Galaxy workflow example
-----------------------

The file "Galaxy-Workflow-Export_xml_and_raw_output_from_iprscan_to_Excel.ga" stores a workflow. In the first two sections, a sequence file (fasta) can be uploaded and all InterProScan applications will be executed to generate the and xml and a raw InterProScan output file.
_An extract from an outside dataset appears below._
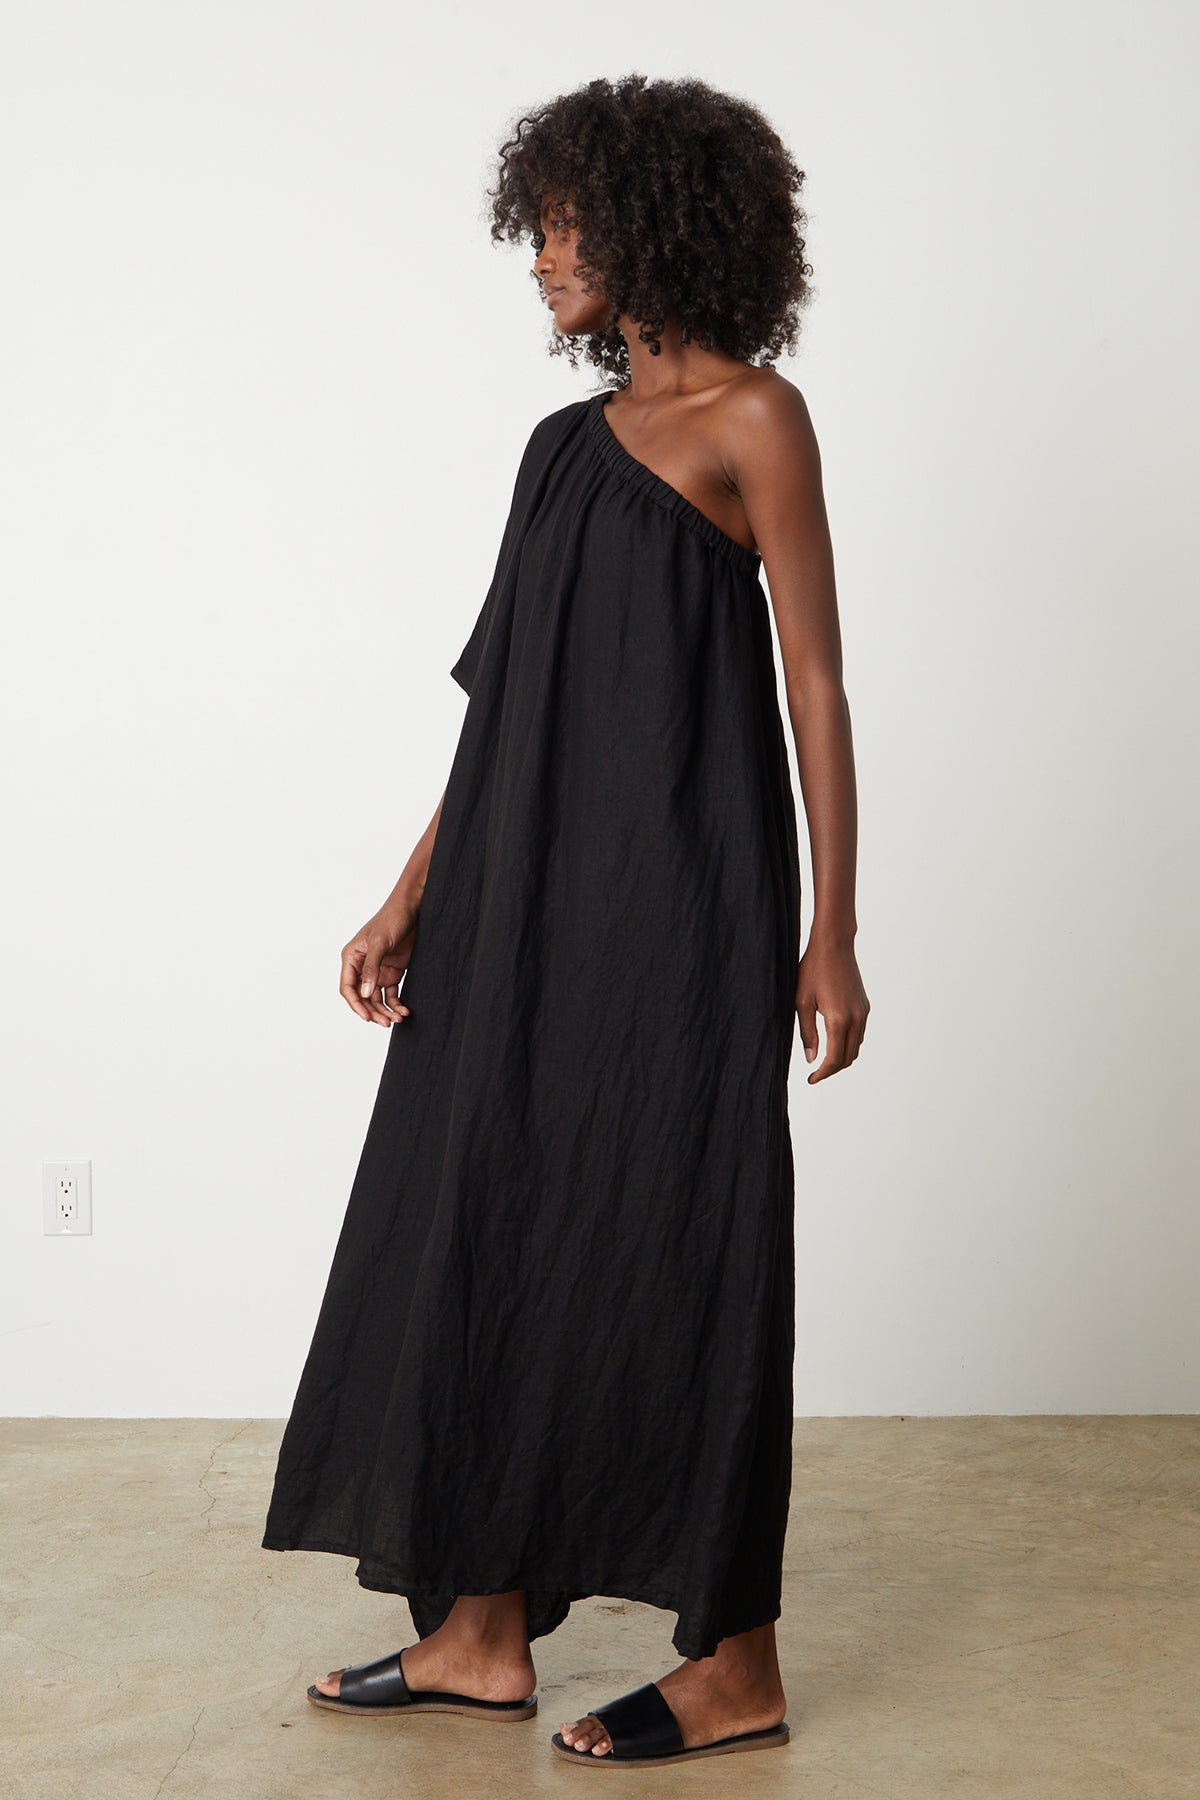   Andrea Linen Dress in black with black slides full length side

In the third section of the workflow, those two InterProScan output files will be used as input for the iprscanToExcel program, resulting in an Excel file (.xlsx) with two tab pages.


Author and affiliation
----------------------

Katrien Bernaerts and Domantas Motiejunas
corresponding author: gb-ctk-open-source-support@basf.com
10/06/2012

CropDesign N.V., a BASF Plant Science Company - Technologiepark 3, 9052 Zwijnaarde - Belgium


Terms of use 
--------------------------
iprscanToExcel - Copyright (C) 2012 CropDesign N.V. - this software may be used, copied and redistributed, with or without modification freely, without advance permission, provided that the above Copyright statement is reproduced with each copy. 
THIS SOFTWARE IS PROVIDED "AS IS" WITHOUT ANY EXPRESS OR IMPLIED WARRANTIES. IN NO EVENT SHALL THE AUTHOR BE LIABLE FOR ANY DIRECT, INDIRECT, INCIDENTAL, SPECIAL, EXEMPLARY, OR CONSEQUENTIAL DAMAGES ARISING IN ANY WAY OUT OF THE USE OF THIS SOFTWARE (INCLUDING NEGLIGENCE OR OTHERWISE).

(R)Excel is a registered trademark of Microsoft Corporation in the United States and/or other countries.